GLOBAL - According to Rabobank (2014) third quarter report there was a decline in global dairy prices similar to that felt in the second quarter of the year, according to Alan O’Brien from the Shanghai Office, Bord Bia – Irish Food Board.
This global decline in prices was attributed to a combination of retracted demand and increased supply by the Big 7 exporting nations (EU, US, New Zealand, Australia, Brazil, Argentina, Uruguay).
On the supply side milk production in the Big 7 continued to expand strongly in the third quarter; a combined 4.3 per cent (additional 3.2bn litres) in the three months leading up to July with half this increase coming from the EU.
On the demand side purchasing by Chinese buyers on the international market tapered back in the third quarter whilst in Russia the continued import ban from major suppliers also had an impact on the market.
Forward purchasing by Chinese buyers has eased since April as buyers continue to work through inventories accumulated at the end of 2013 and in the first quarter of 2014.
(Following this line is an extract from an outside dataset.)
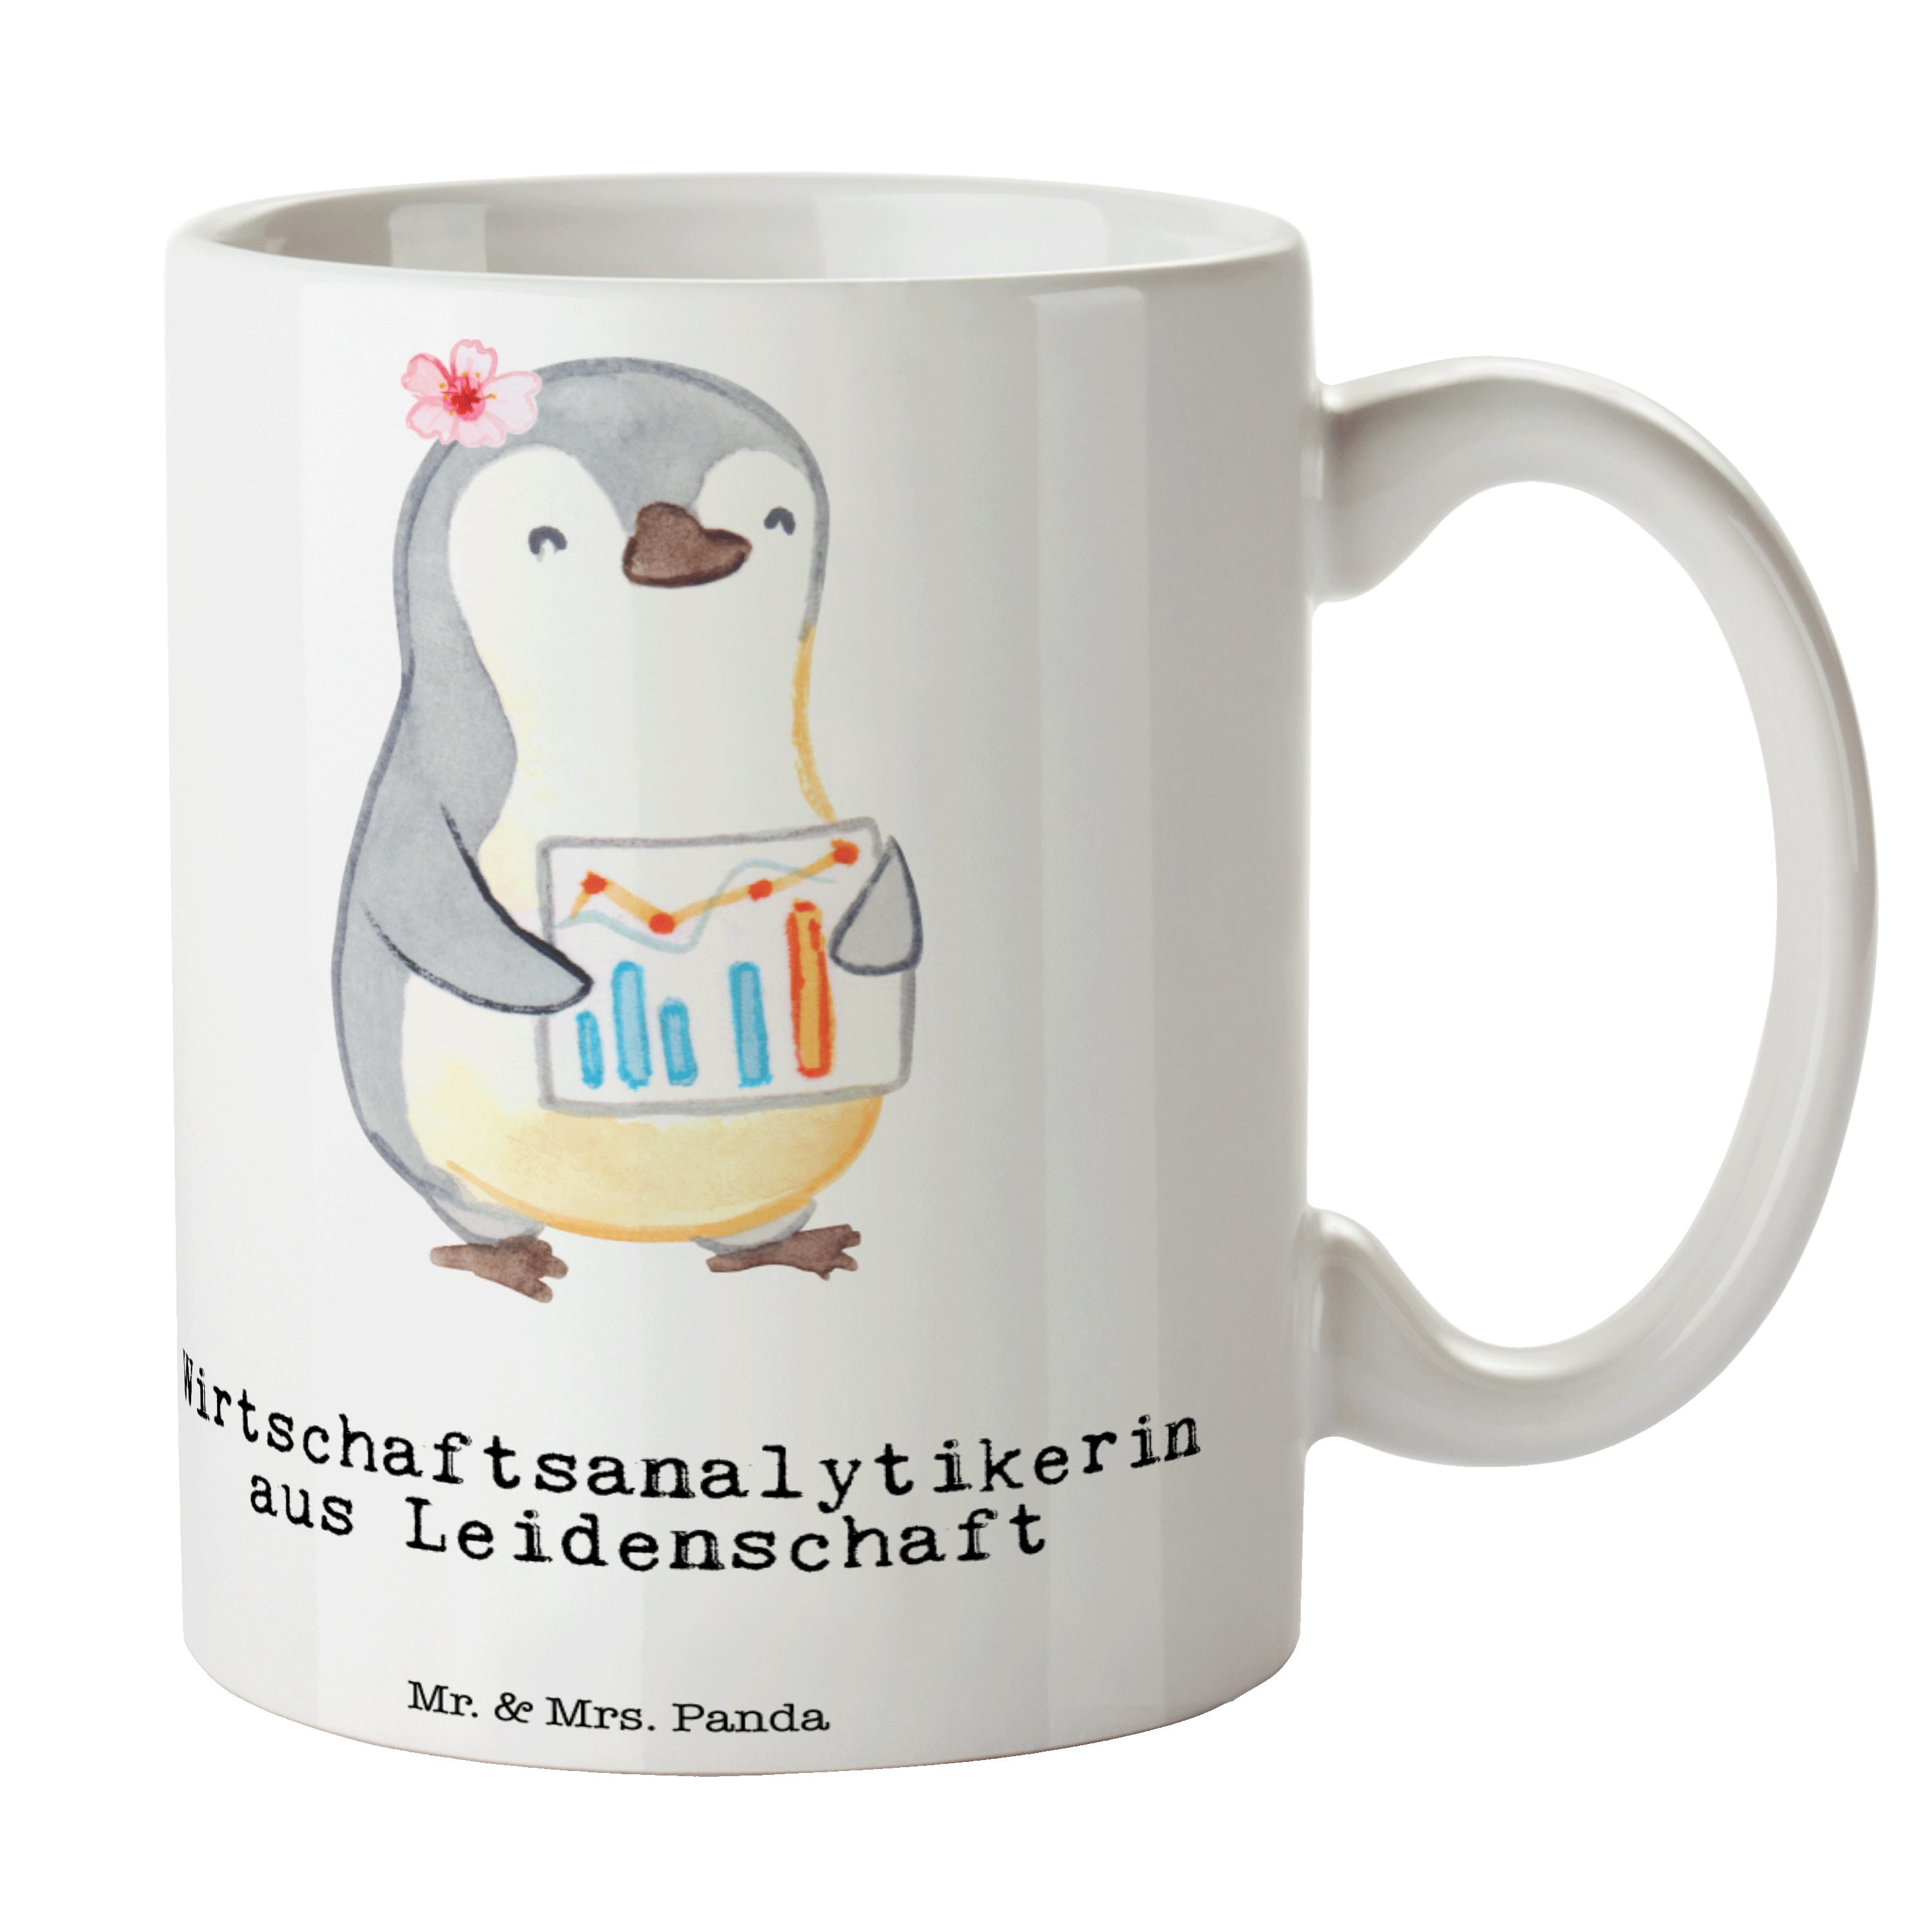 & - Mrs. Mr. Weiß - aus Tasse Geschenk, Leidenschaft Wirtschaftsanalytikerin Kaffeetas, Panda Keramik

It must also be highlighted that China’s economy is currently in a phase of restructuring as the government focuses on rebalancing the economy to stabilise growth rates and remove overcapacity; this will continue to see controlled reductions in GDP and personal consumption to 7.7 per cent and 8.1 per cent per annum over the next two years, and further reduction after 2015 (IMA 2014), which may impact demand and buyer behaviour over this period.
On the supply side, according to Rabobank, China’s domestic production improved in the third quarter of the year bolstered by a mild summer, high prices and economies of scale gained from consolidation of small “backyard” farming units into large industrial units (an on-going government focus).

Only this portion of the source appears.